Side note this may also be the last version you see supporting Hackintoshes but I could be wrong on that.
The shortest path is to buy a Mac Mini M4 base due to its cost-benefit. Another option is the one you suggested, installing a Linux distro on the Mac, better than resorting to Windows. Intel users still have half of 2028 to decide which path to take. For now, all that's left is to celebrate another macOS update.
 
There is any chanse to install macos tahoe on imac 19,1? OCPL 3.0.0n has no this mac in database.
Probably still a work in progress. OCLP may just not have gotten around to testing or developing drivers for the iMac 19,1. Since it is still early in development process, I would give it a little bit more time to let the developers continue to design and code the next version of OCLP that is a true public release.

If anyone knows anymore information on this iMac feel free to reply to this comment-post.
 
Hey everyone, apologies if this question has been raised previously, but I could not find it.

Since Tahoe will be the last macOS to officially support Intel, what does that mean for the future of Intel Macs? Will we see another update after Tahoe through the OpenCore Legacy Patcher?
No. Future releases will not contain any Intel code at all and will not be able to directly boot at all on Intel Macs. It is (and will remain so) possible to boot arm64 macOS on an Intel Mac using emulation on an X86 host OS.

The next conversation we'll be having is running a future macOS (probably 28) on unsupported Apple Silicon hardware, once the M1 series of chips are dropped. macOS 27 will certainly support all generations of Apple Silicon, but macOS 28 and beyond could drop support for M1 or even M2. I could see them dropping M1 and M2 simultaneously because they are extremely similar (not much more than clock speed for differences). M3 is the first major architecture change for the Apple Silicon chips (moving to armv9, significant GPU changes, significant NPU changes).
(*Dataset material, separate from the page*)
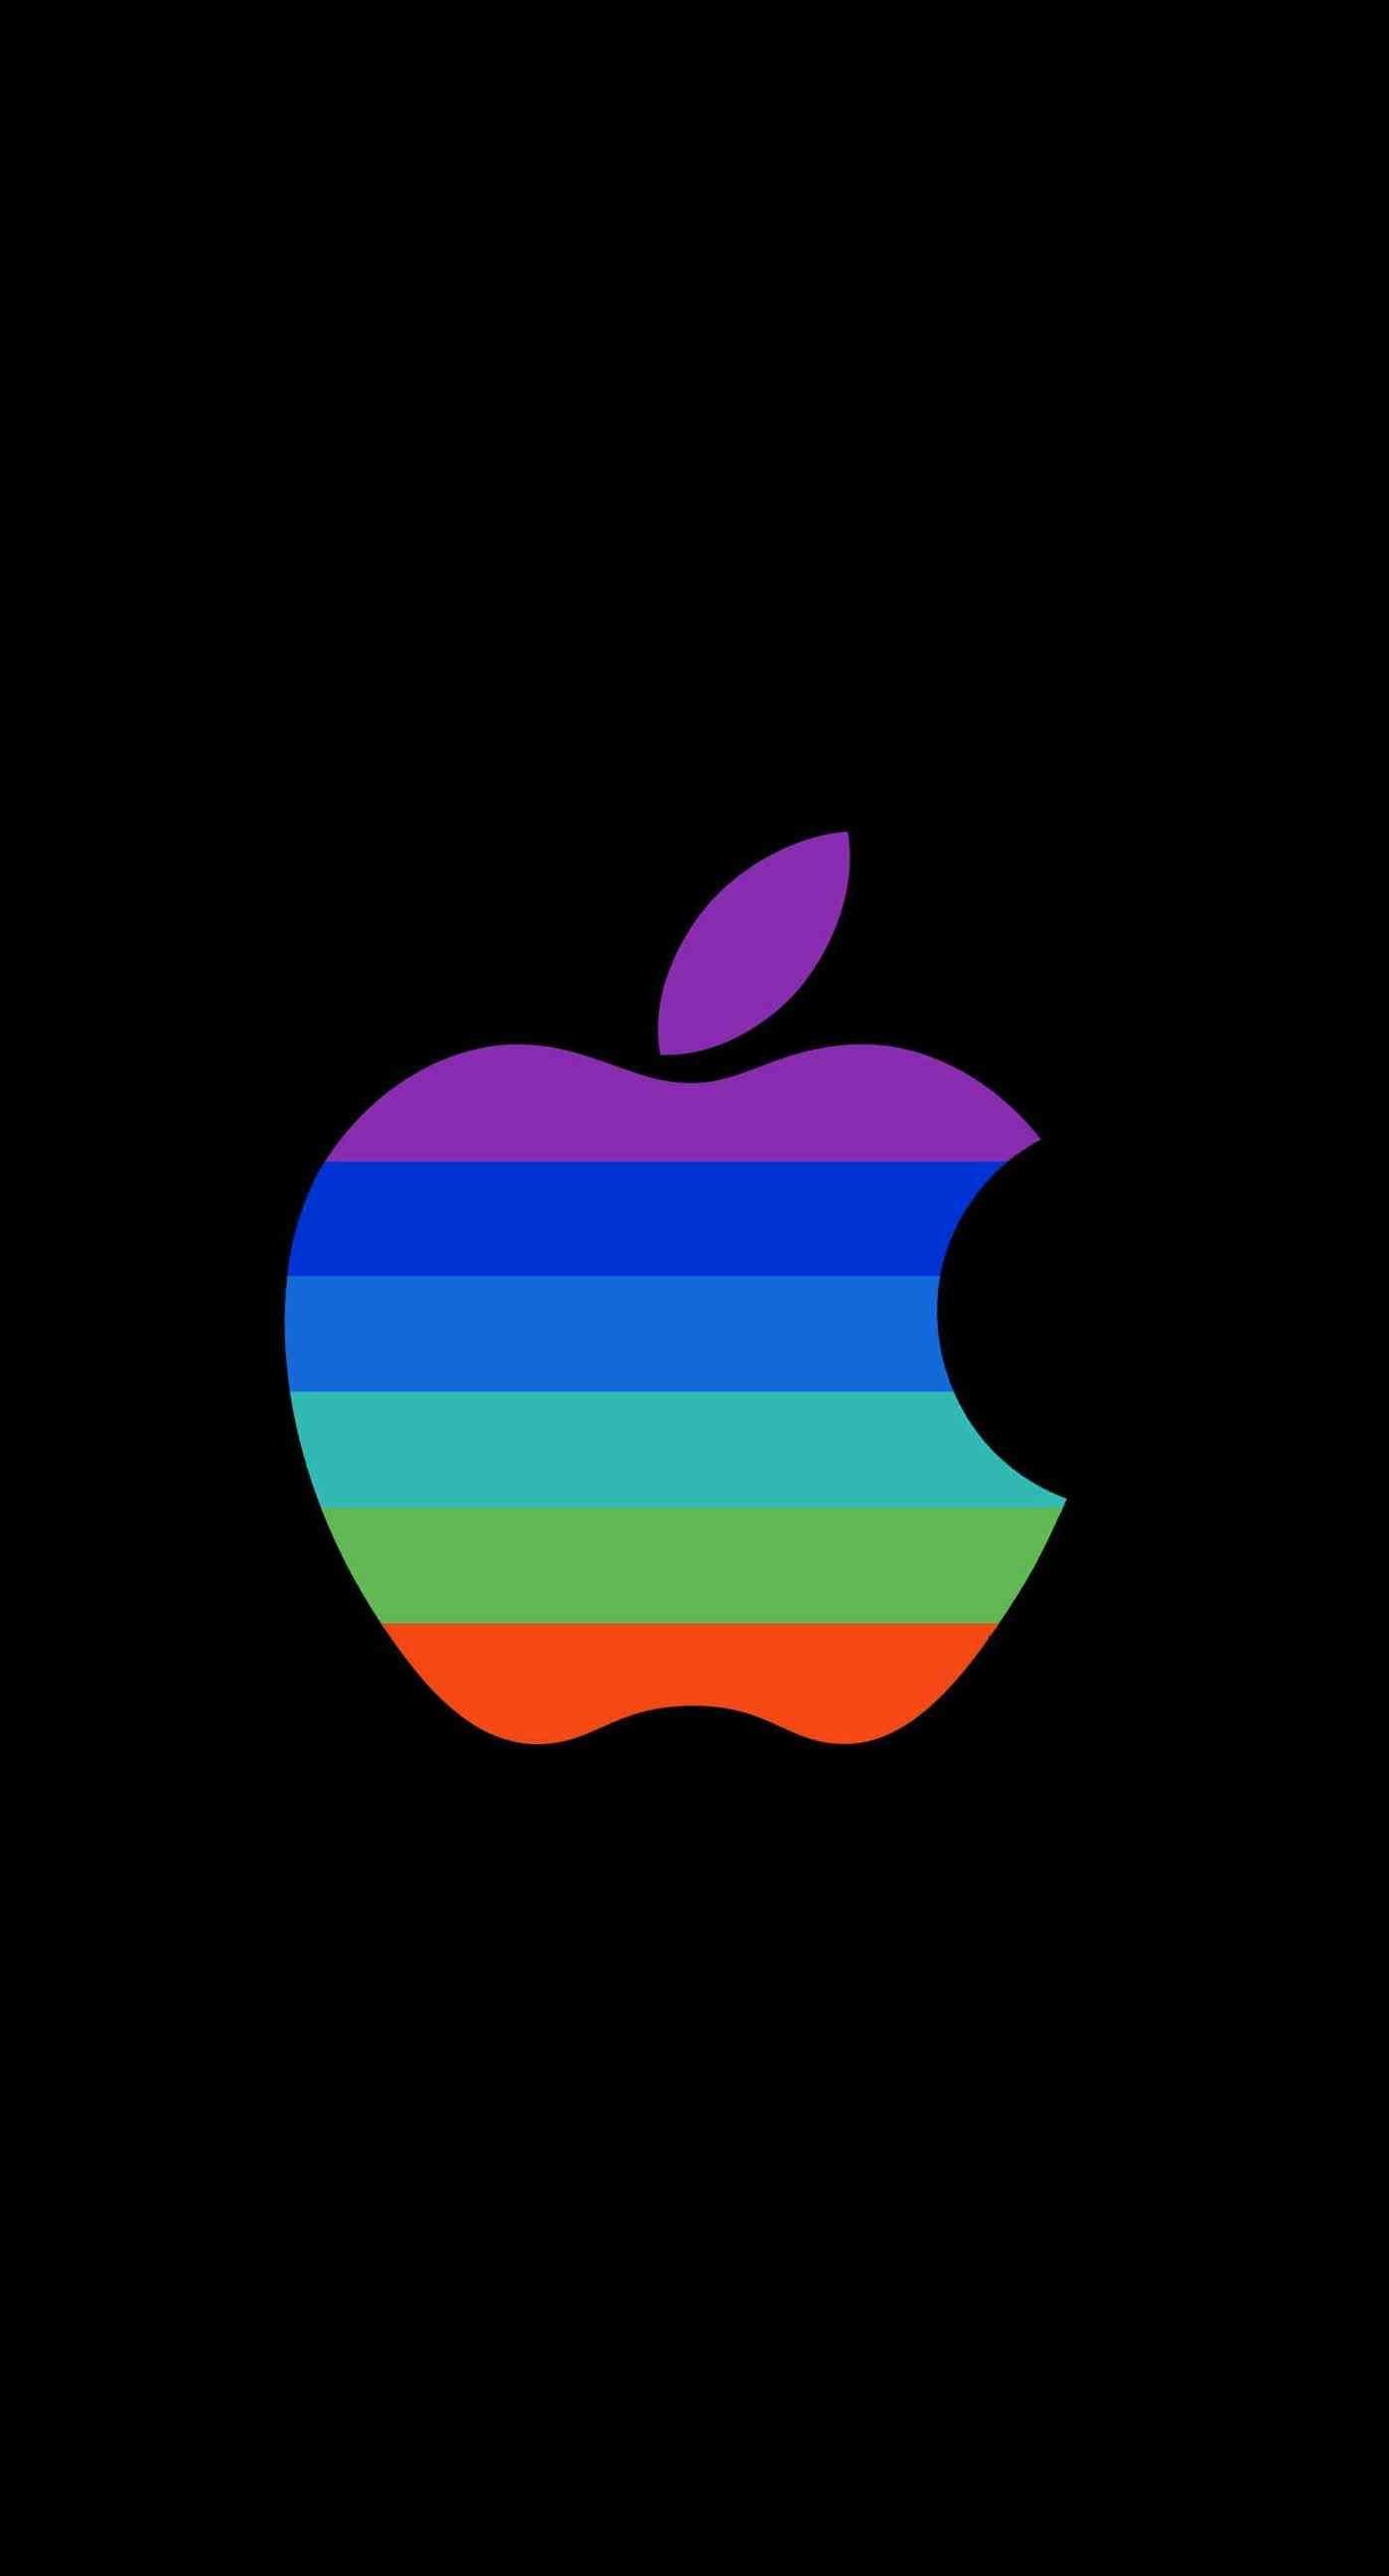 Cool Apple Logo Wallpaper Wallpapertag

It would be very likely that M1 can support anything M2 can support, but neither supporting things the M3 can support. This is not unlike the Intel transition, where the initial Intel Core and Core 2 chips were dropped aggressively in favor of the vastly improved core-i series.
 
Tahoe is installable on my mac mini 2012 (external SSD), it boots on configuration window but once i arrive on privacy window it stays few minutes black then it restarts.
Inpossible to install it on mini 2018.